2. ¿Cuál es el significado de la manera en que fue roto el velo del Templo?
3. Comente sobre el caso de que el velo típico y el velo real fueron rasgados al mismo tiempo.
4. ¿Por qué el sumo sacerdote no podía sentarse en el Lugar Santísimo?
5. ¿Por qué Cristo pudo sentarse? Dé una referencia de la Escritura.
6. ¿Por qué el velo sin rasgar era un obstáculo?
7. ¿Qué beneficios se obtienen por la rotura del verdadero velo?
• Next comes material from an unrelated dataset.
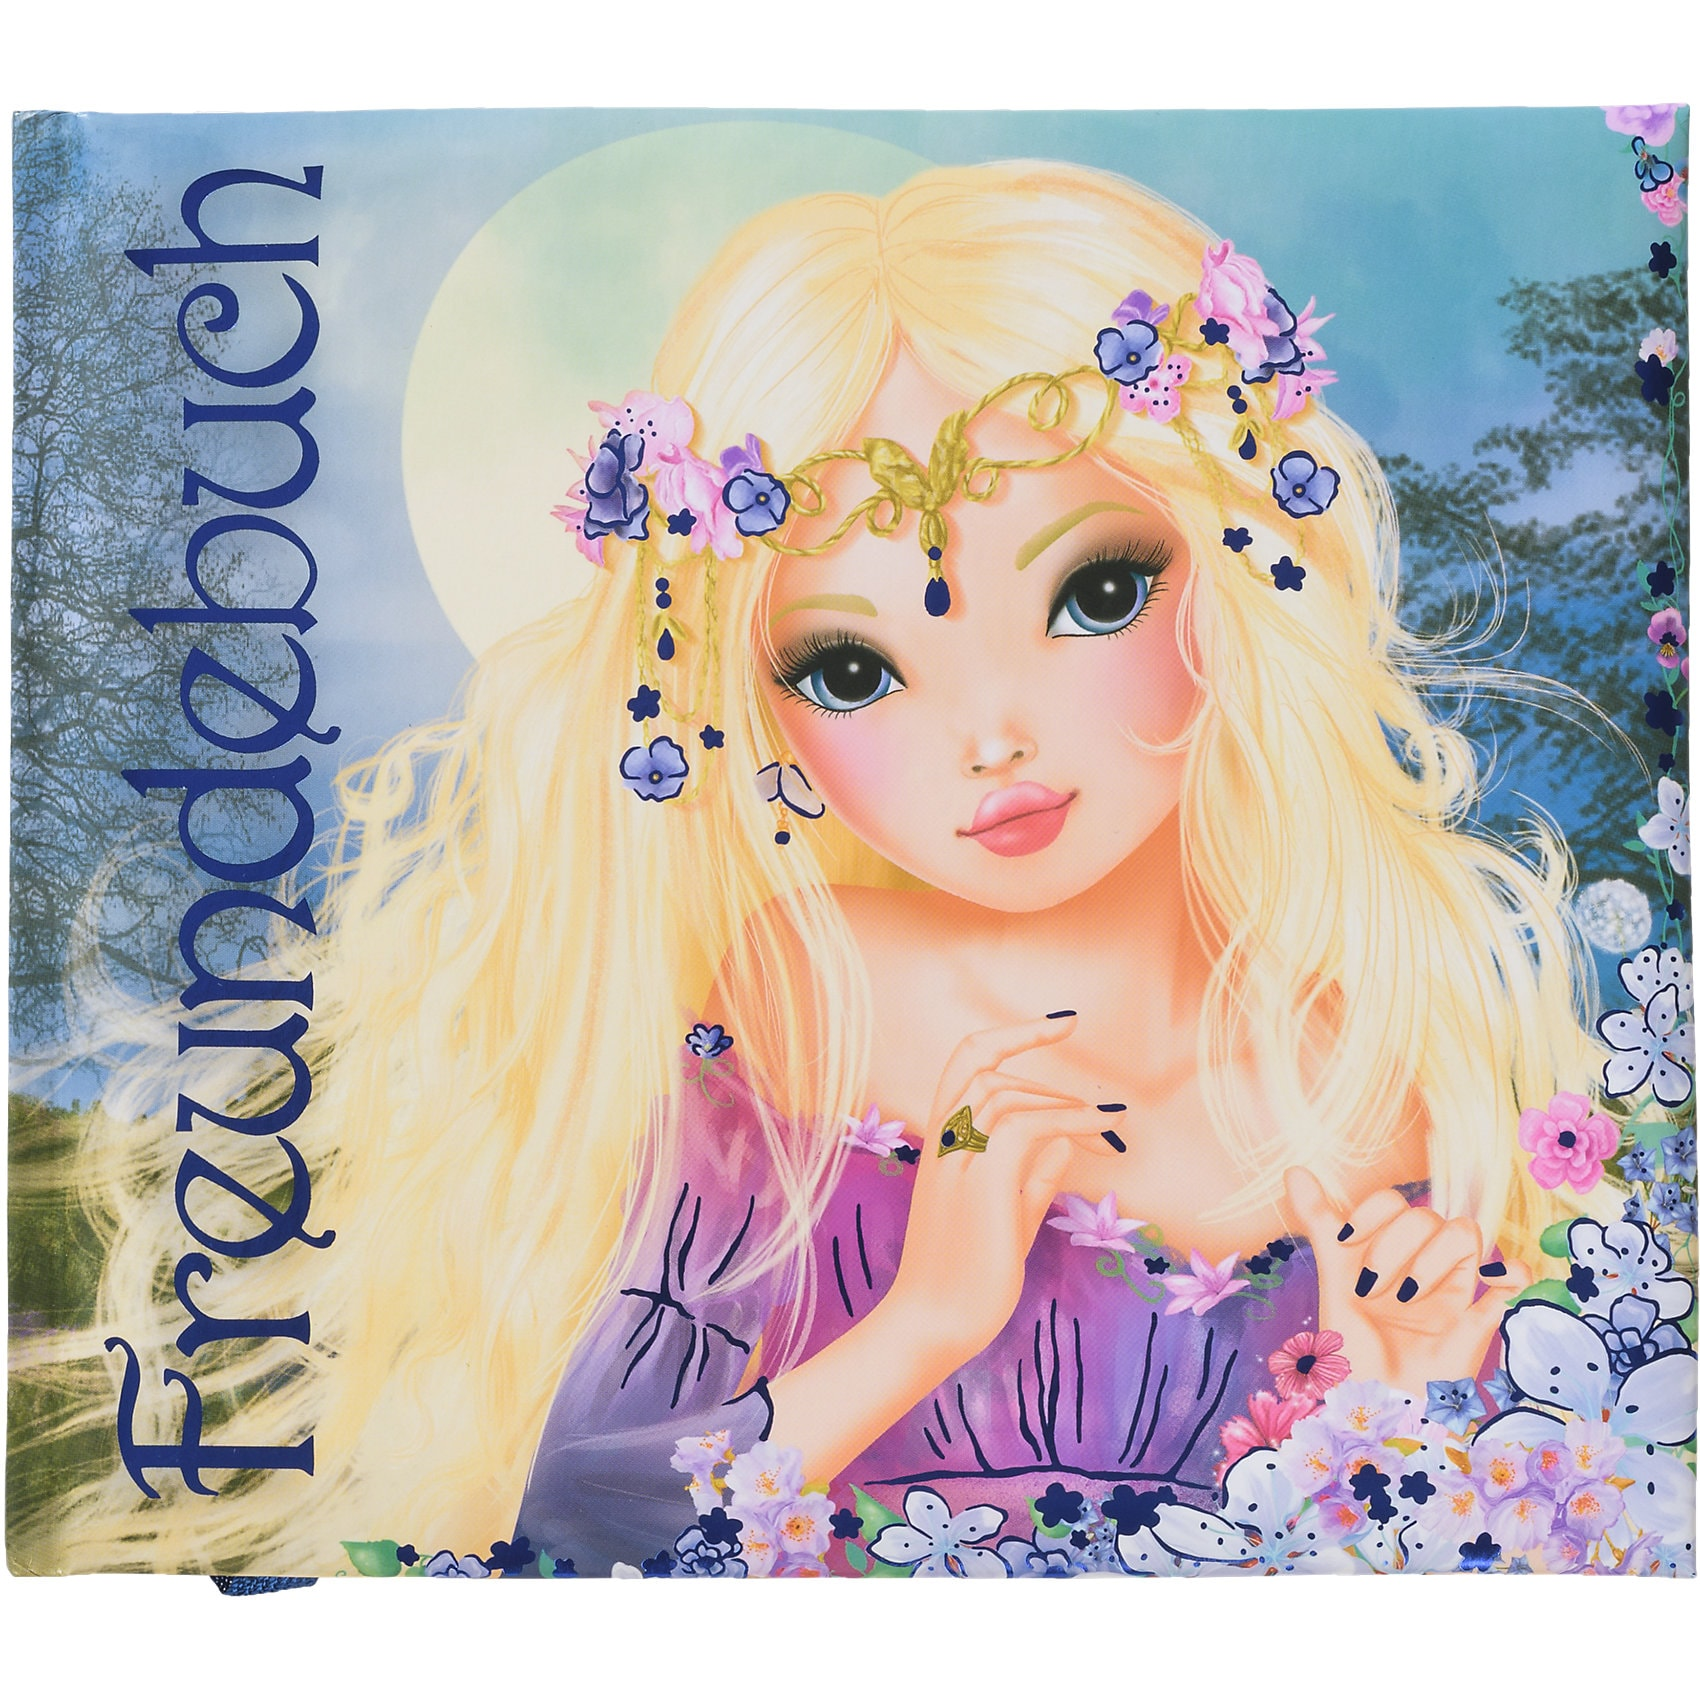 Depesche Freundebuch Fantasy Model

Lección 21. La Consagración de los Sacerdotes 


Levítico describe cómo los sacerdotes fueron consagrados o preparados para el servicio. “Entonces Moisés hizo acercarse a Aarón y a sus hijos, y los lavó con agua” (Levítico 8:6). En primer lugar, hemos de observar que los sacerdotes no se consagraron a sí mismos; Moisés hizo el trabajo. Del mismo modo, si nosotros deseamos convertirnos en sacerdotes para Dios, no podremos consagrarnos a nosotros mismos, pues nosotros no podemos cambiar nuestros propios corazones o hacernos a nosotros mismos aptos para el servicio de Dios. Todos ellos debieron presentarse ante Moisés y nosotros debemos presentarnos ante Dios: “Así que, hermanos, os ruego por las misericordias de Dios, que presentéis vuestros cuerpos en sacrificio vivo, santo, agradable a Dios” (Romanos 12:1).

En la consagración de los sacerdotes, fueron utilizados el agua, la sangre y el aceite, que tipifican la operación del agua, la sangre y el Espíritu, en la vida de un santo de Dios (ver 1. Juan 5:8). Por último, fueron vestidos con las hermosas prendas sacerdotales.

Moisés tomó sangre del altar del sacrificio y la aplicó a Aarón y a sus hijos. Esta sangre fue aplicada en el lóbulo de la oreja derecha, en el dedo pulgar de la mano derecha, y en el dedo pulgar del pie derecho (ver Levítico 8:23).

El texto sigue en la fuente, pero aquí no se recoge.